■ TASK ITEM
Produce exactly the lines from the one holding "yellow rope" through the last line of the data below, with every picture left out.

■ DATASET SECTION
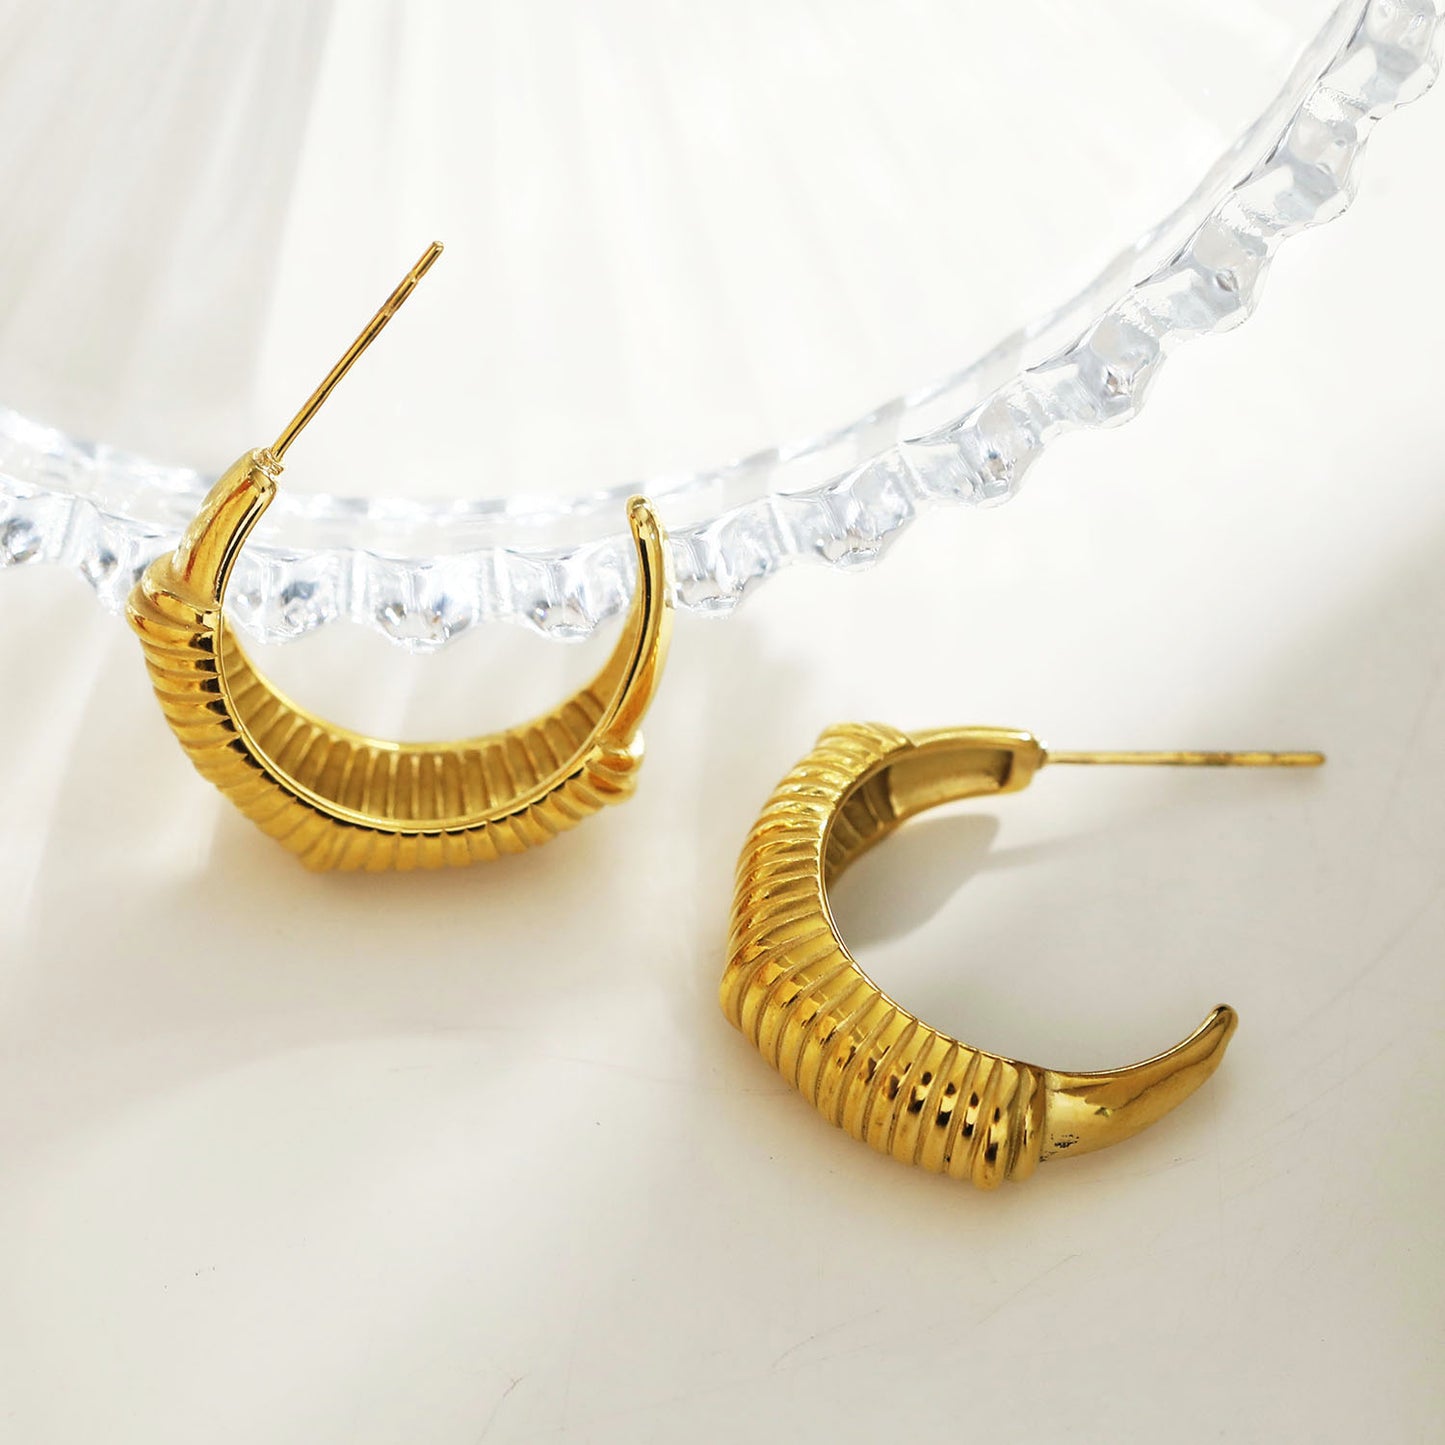 DOLCEDA Art Deco Inspired Geometric Hoop Gold Earrings
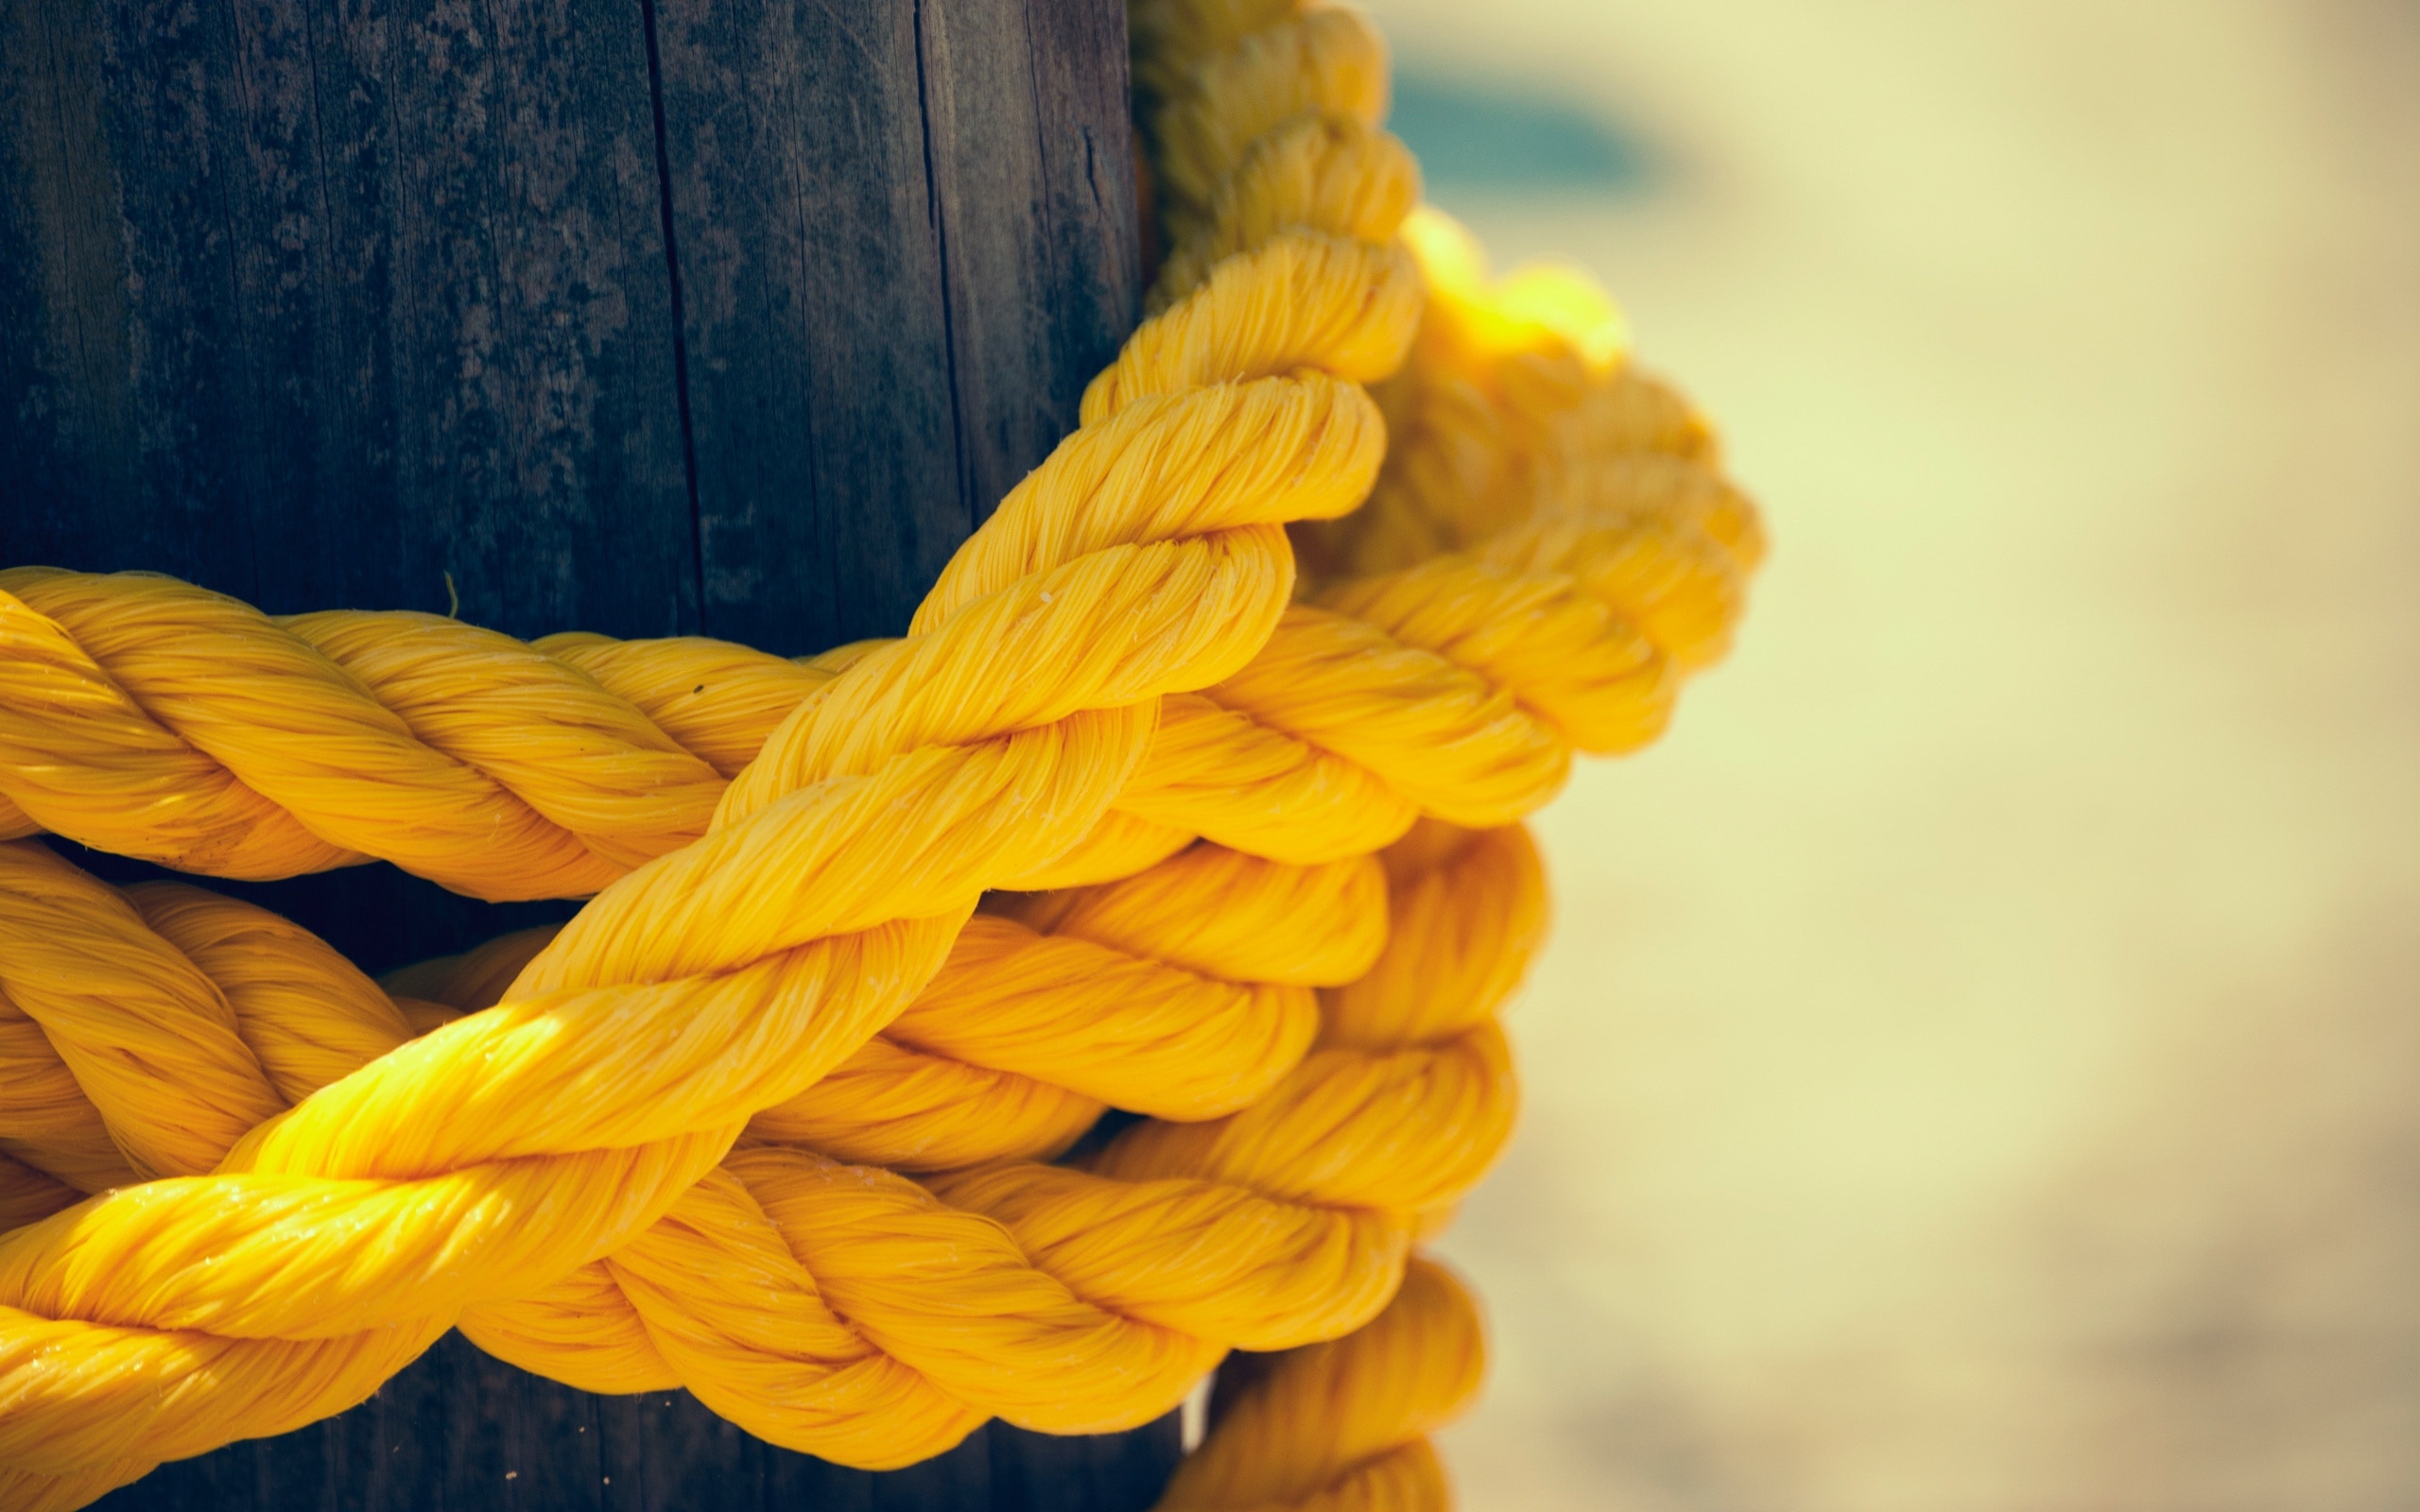 yellow rope
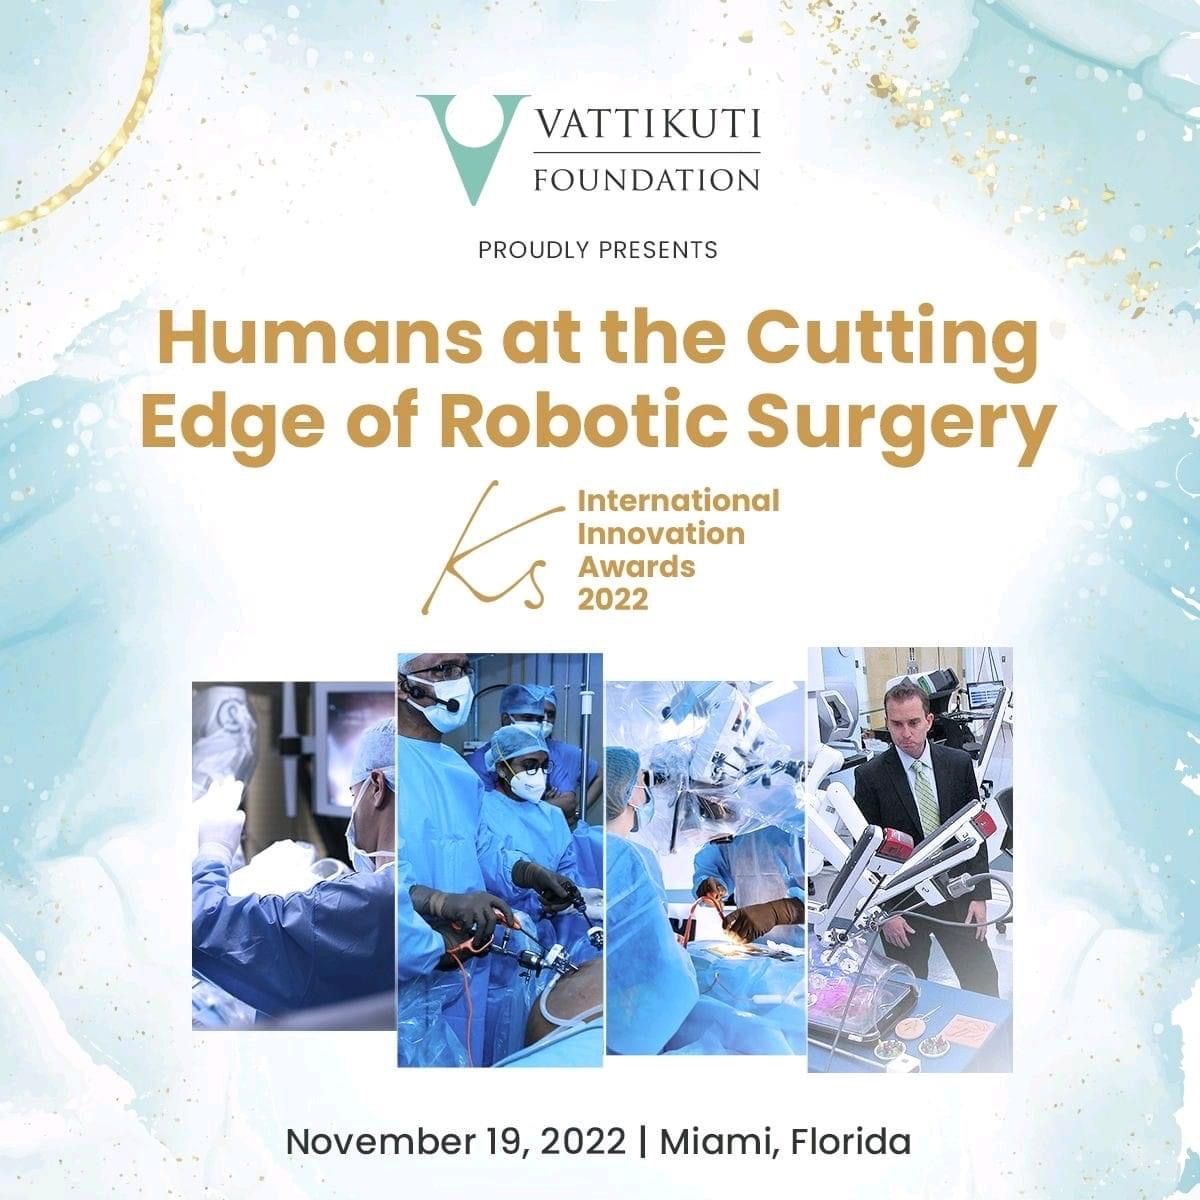 Διεθνές βραβείο καινοτομίας στη ρομποτική χειρουργική στα KS International Awards

■ ANSWER TO THE EXERCISE
 yellow rope
 Διεθνές βραβείο καινοτομίας στη ρομποτική χειρουργική στα KS International Awards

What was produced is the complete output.